- Record extracts
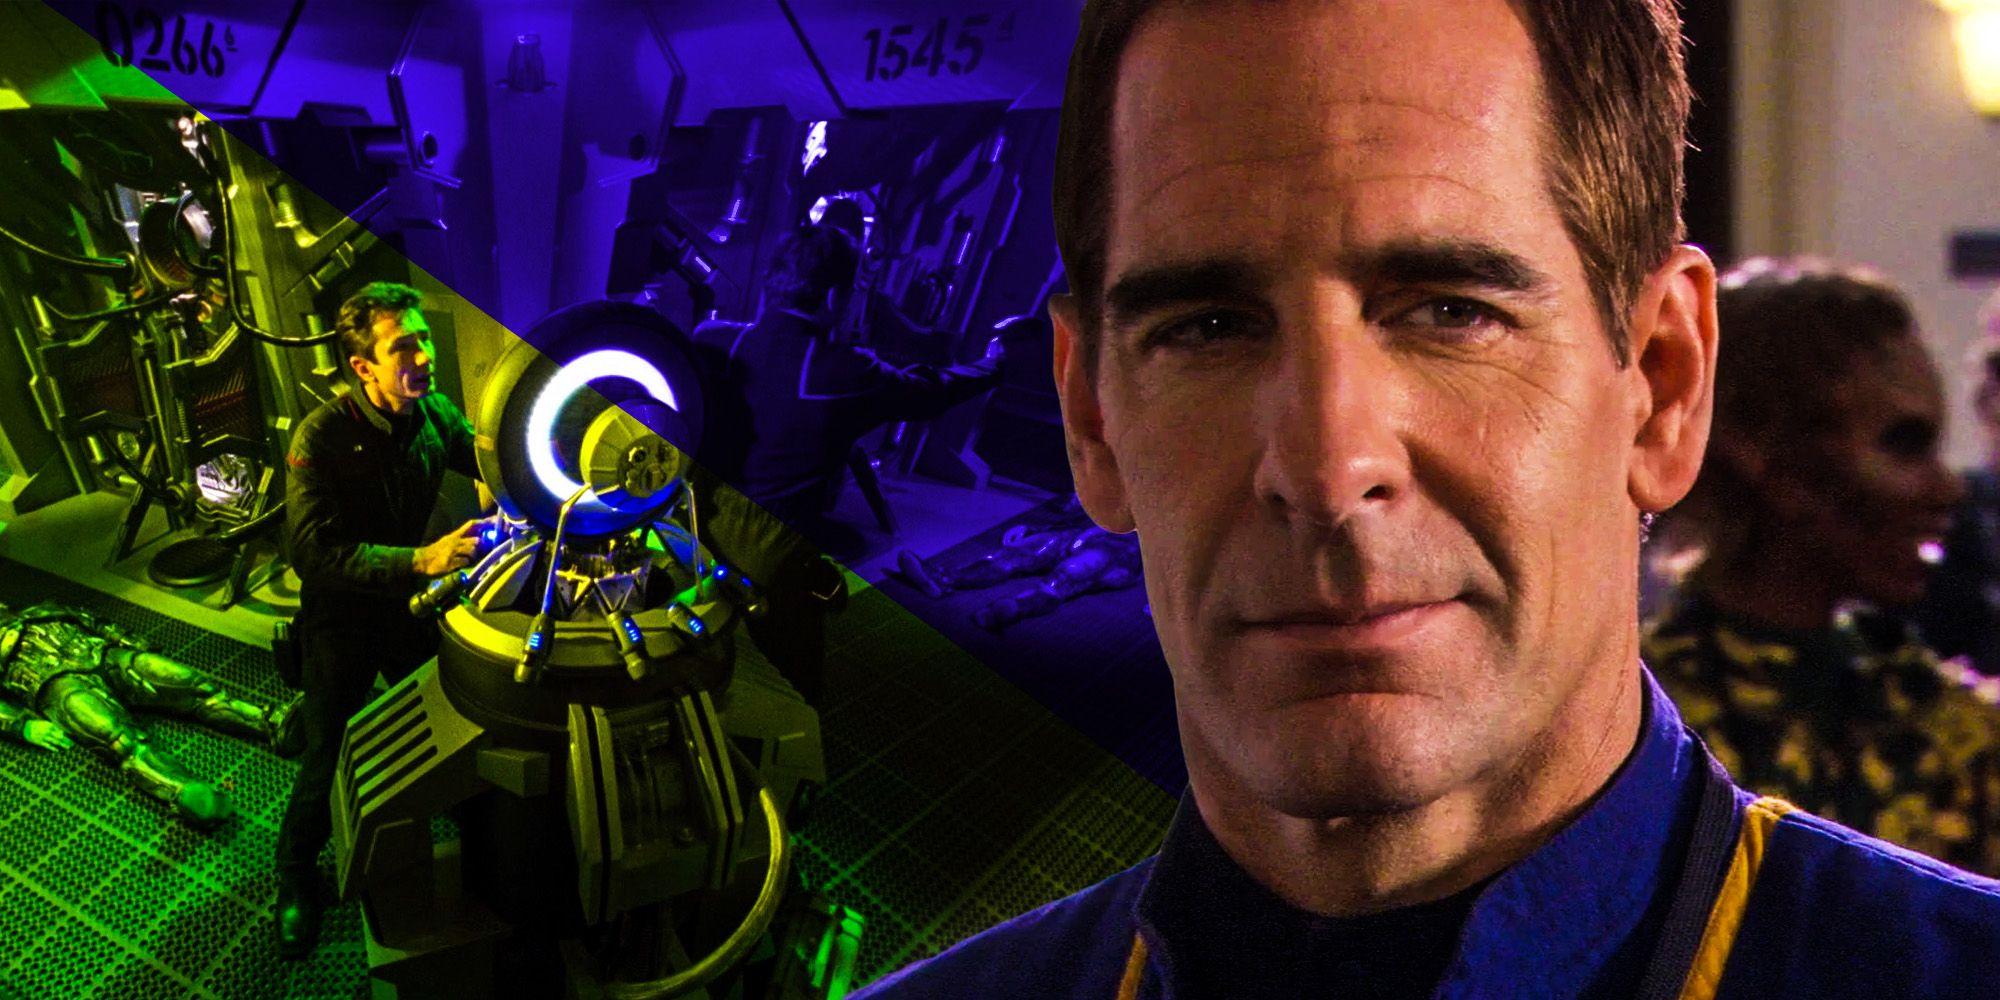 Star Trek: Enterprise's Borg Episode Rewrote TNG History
==
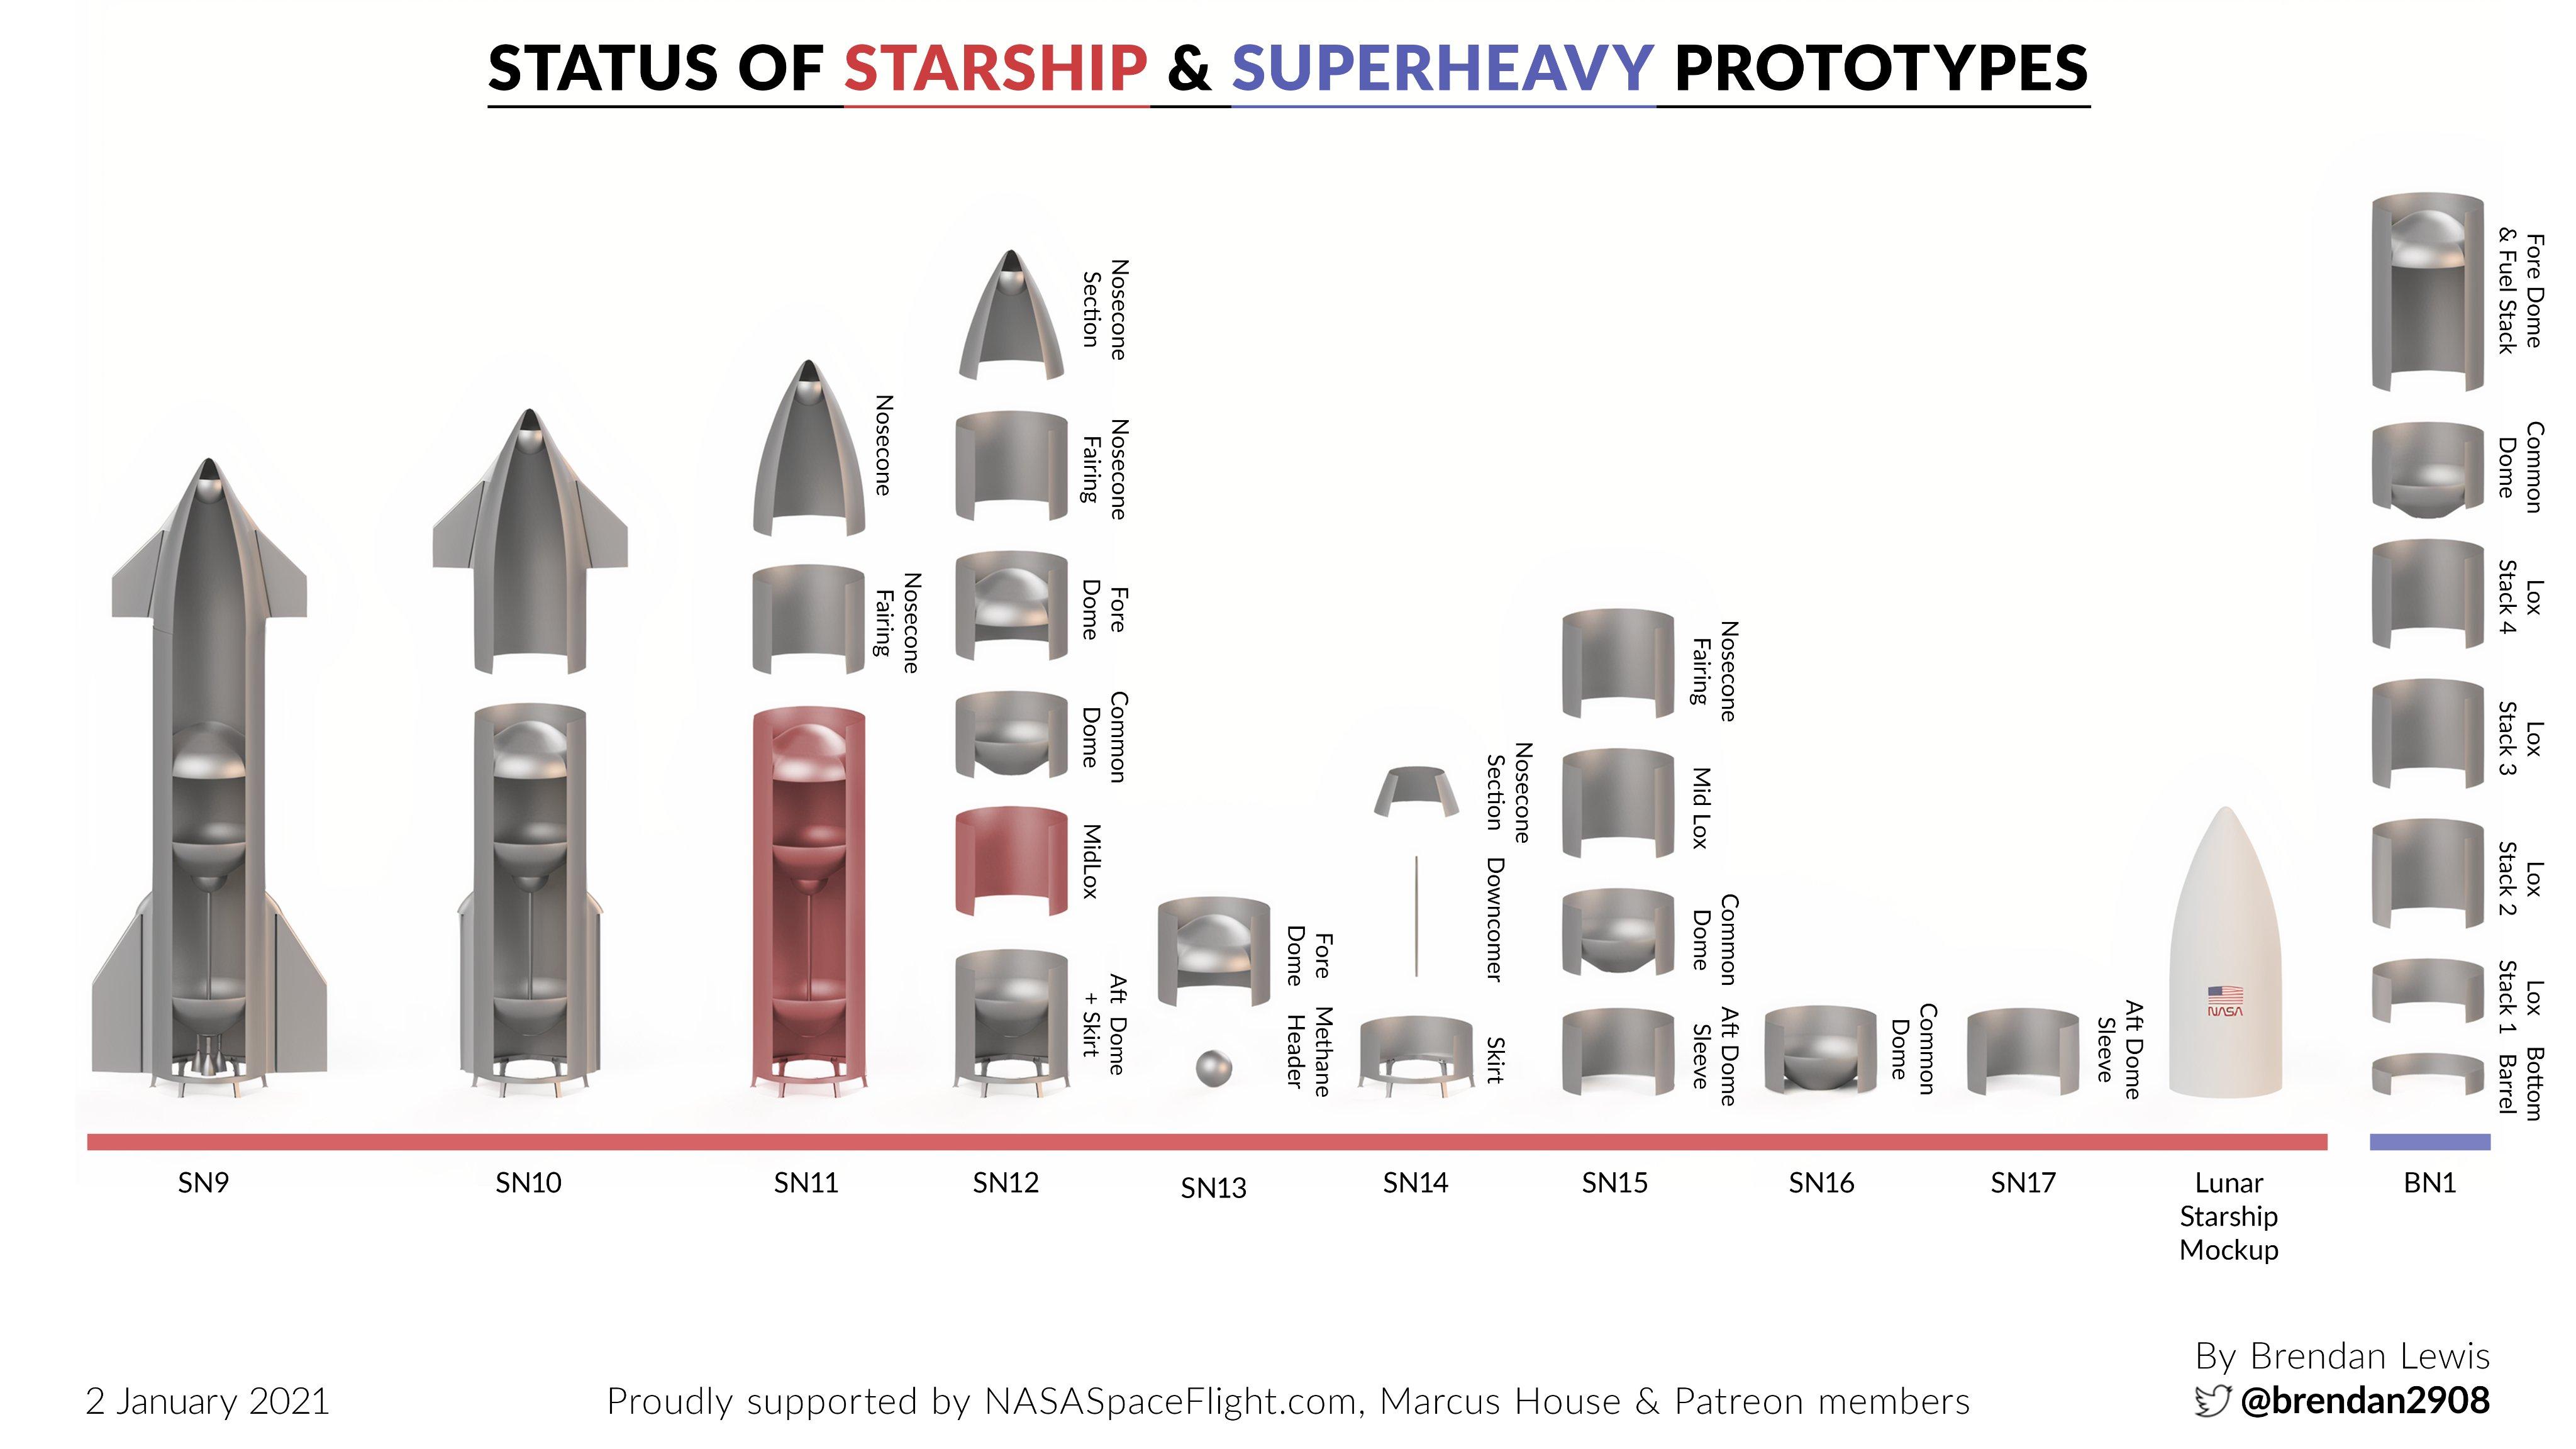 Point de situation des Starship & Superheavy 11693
...
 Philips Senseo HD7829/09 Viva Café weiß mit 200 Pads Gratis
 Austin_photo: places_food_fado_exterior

- What you need to do
Retype exactly the span of lines from the one with "Philips Senseo HD7829/09" through the one with "Austin_photo: places_food_fado_exterior"; include both ends and omit the rest of the material.

- Output below
 Philips Senseo HD7829/09 Viva Café weiß mit 200 Pads Gratis
 Austin_photo: places_food_fado_exterior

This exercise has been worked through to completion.